Relationship with China still exists, PM says
Despite China's retaliatory moves to slap trade sanctions on a raft of Australian exports, Mr Morrison said sales of other commodities illustrated the relationship had not broken down.
"The relationship still exists, look at trade alone – there have never been bigger volumes," he told The Sydney Morning Herald.
"That's a bit of a proof point. When all's said and done, there's still great value in the relationship."
China is Australia's largest trading partner. In the 12 months to March, Australia exported $149 billion worth of goods to China, down 0.6 per cent from the previous year. Exports, however, have been supported by strong prices for iron ore, the largest single item in trade with China.
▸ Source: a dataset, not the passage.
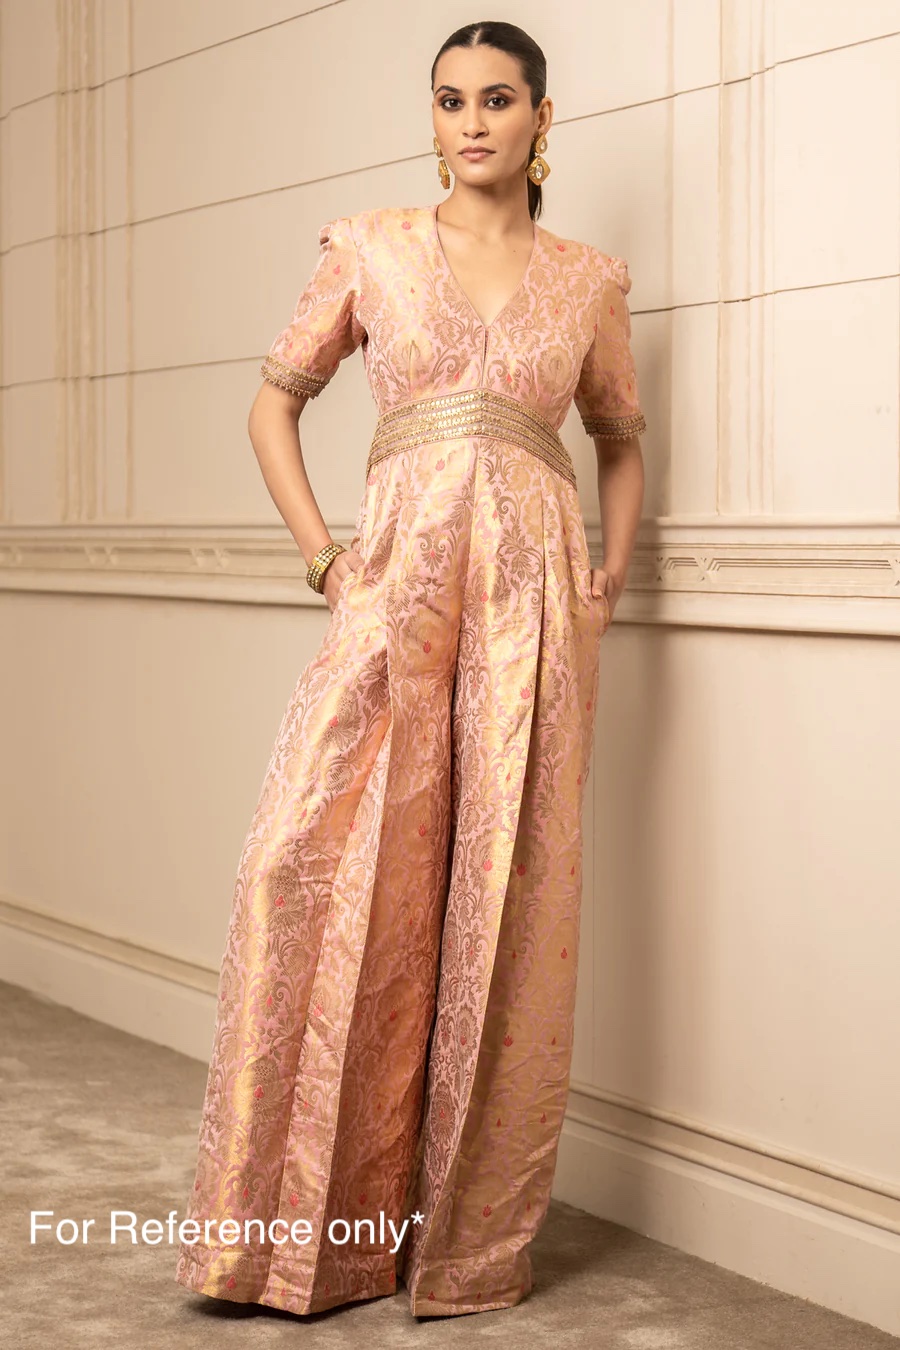 Brocade Jumpsuit with Gold Embroidery
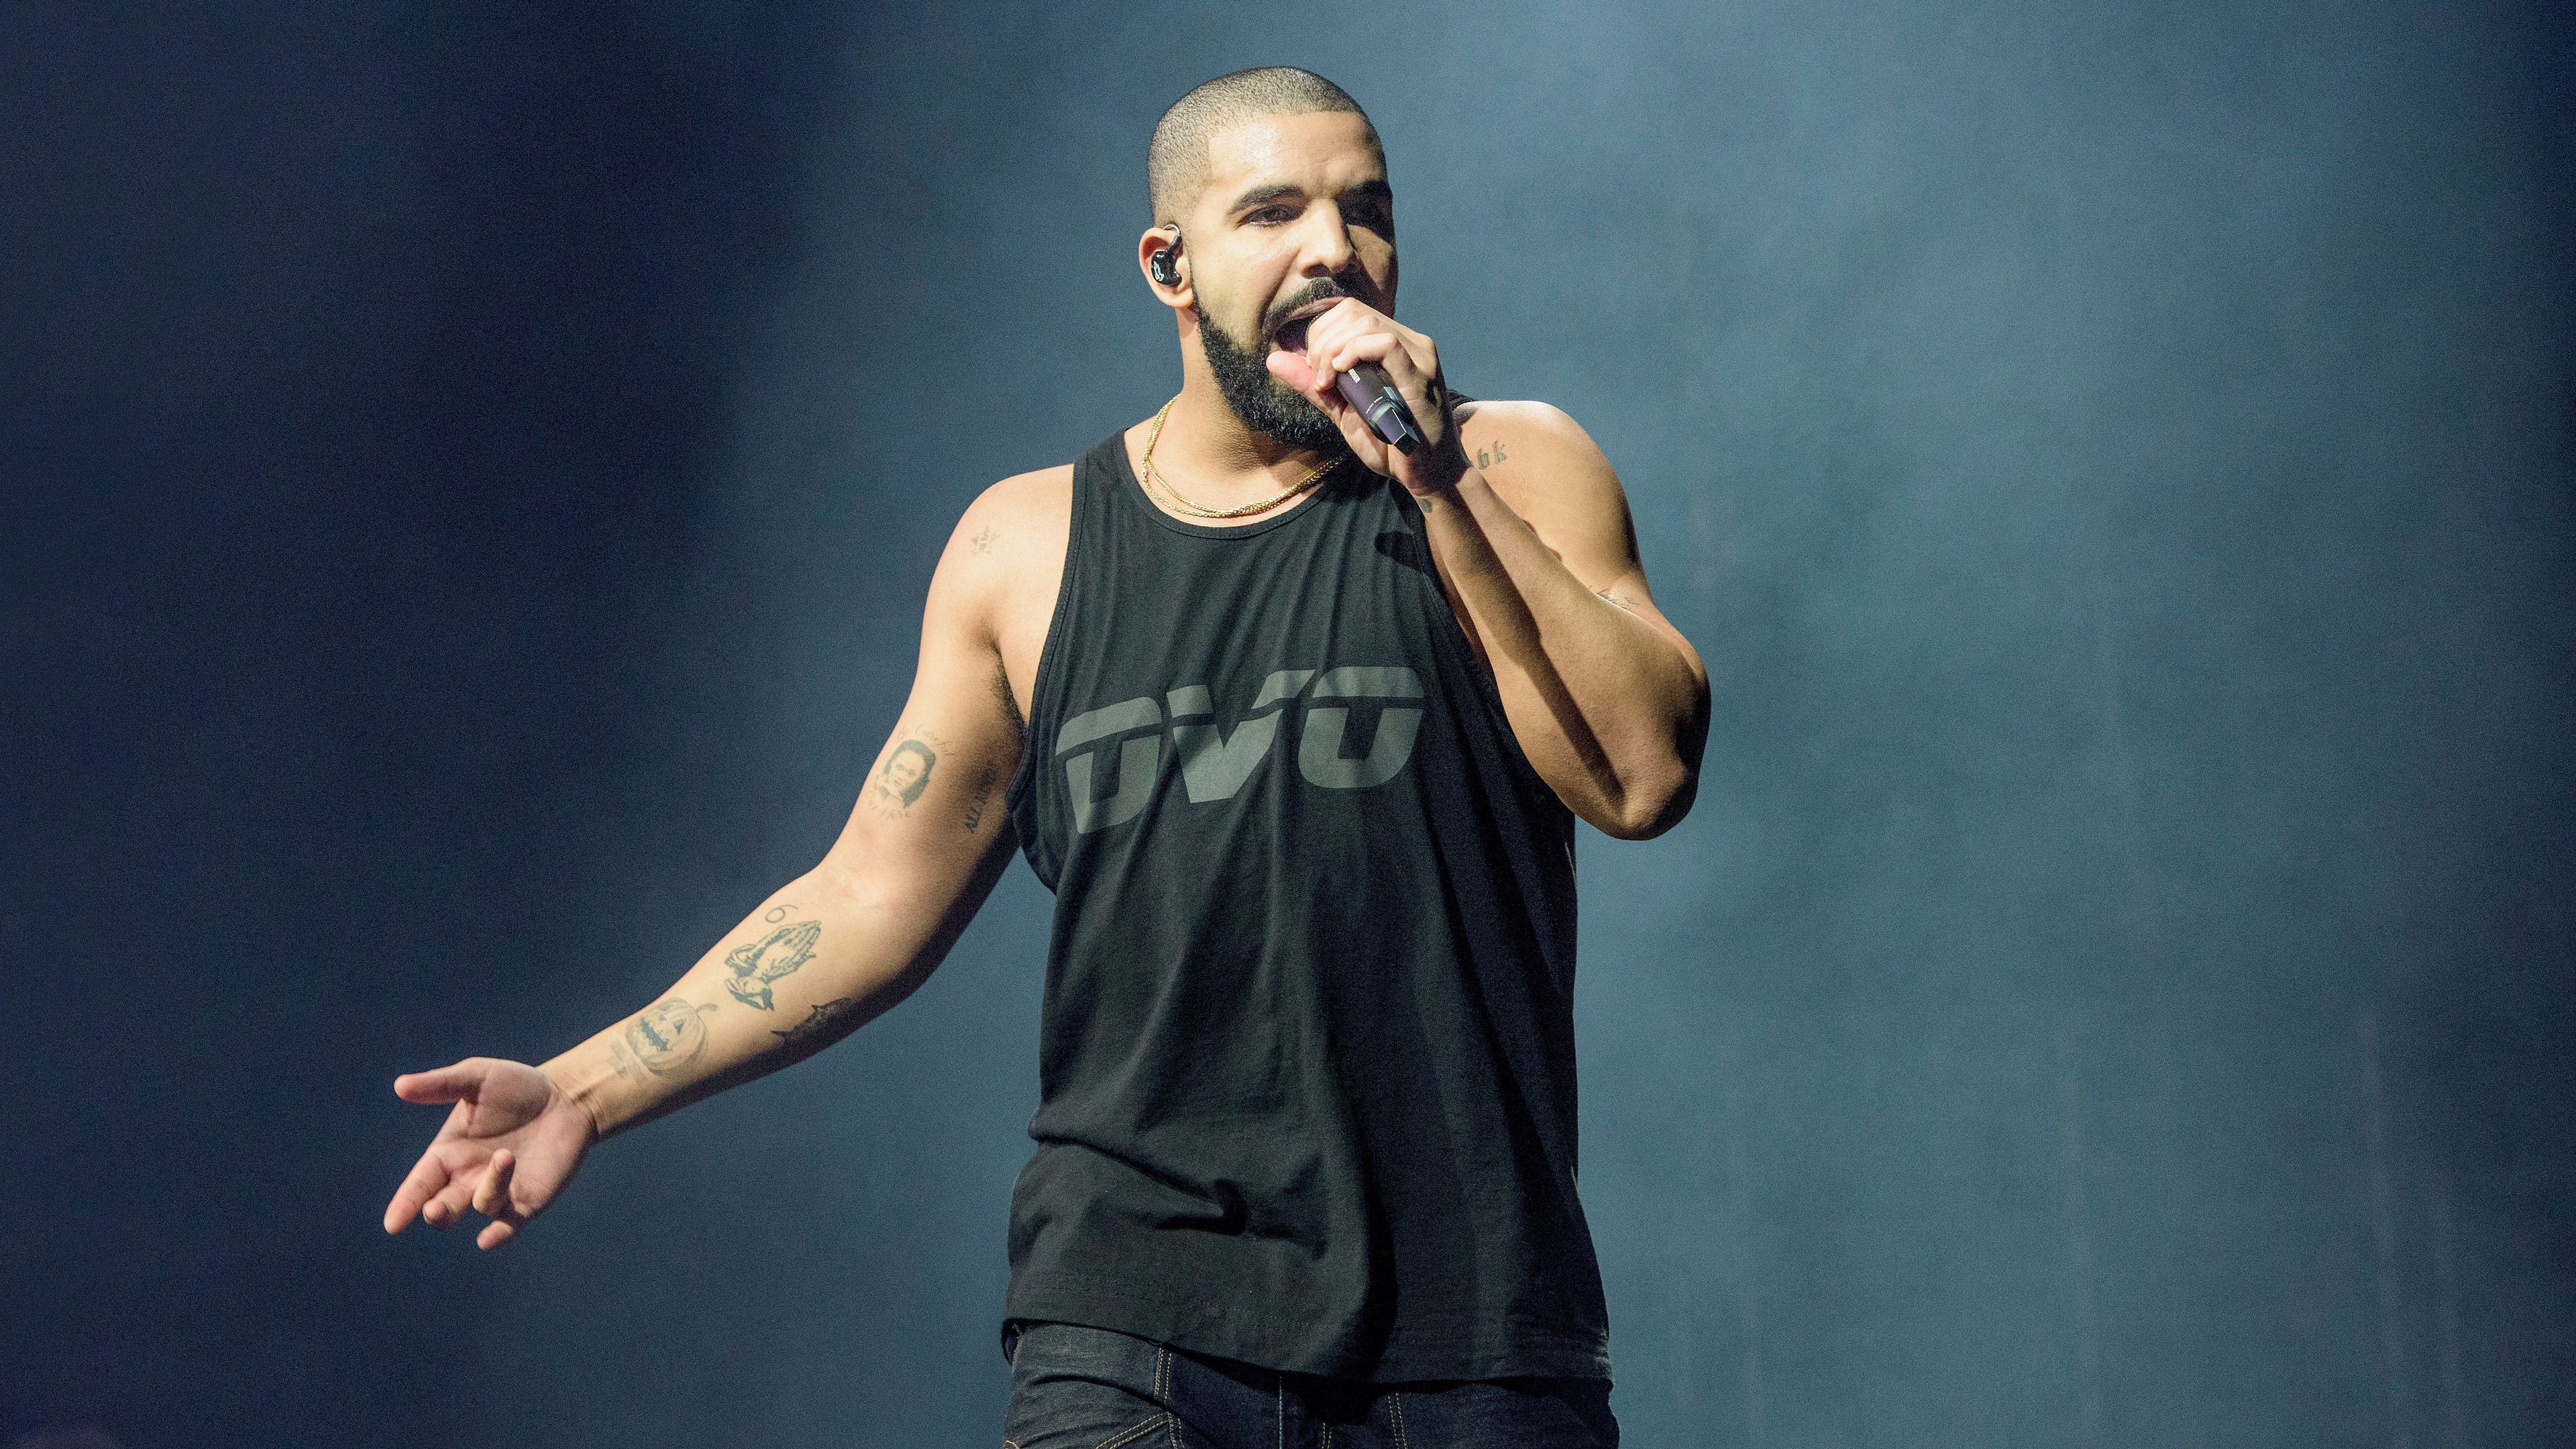 A man in black shirt and tank top is holding up his microphone - Drake

On Wednesday, Shadow Foreign Affairs Minister Penny Wong accused the Morrison government of war-mongering for political advantage.
Her comments come as a group of eminent Australians published an open letter to Mr Morrison, labelling the federal government "irresponsible" for "overheated war talk".
They called for legislative change to require a parliamentary vote before Australia enters any international conflict.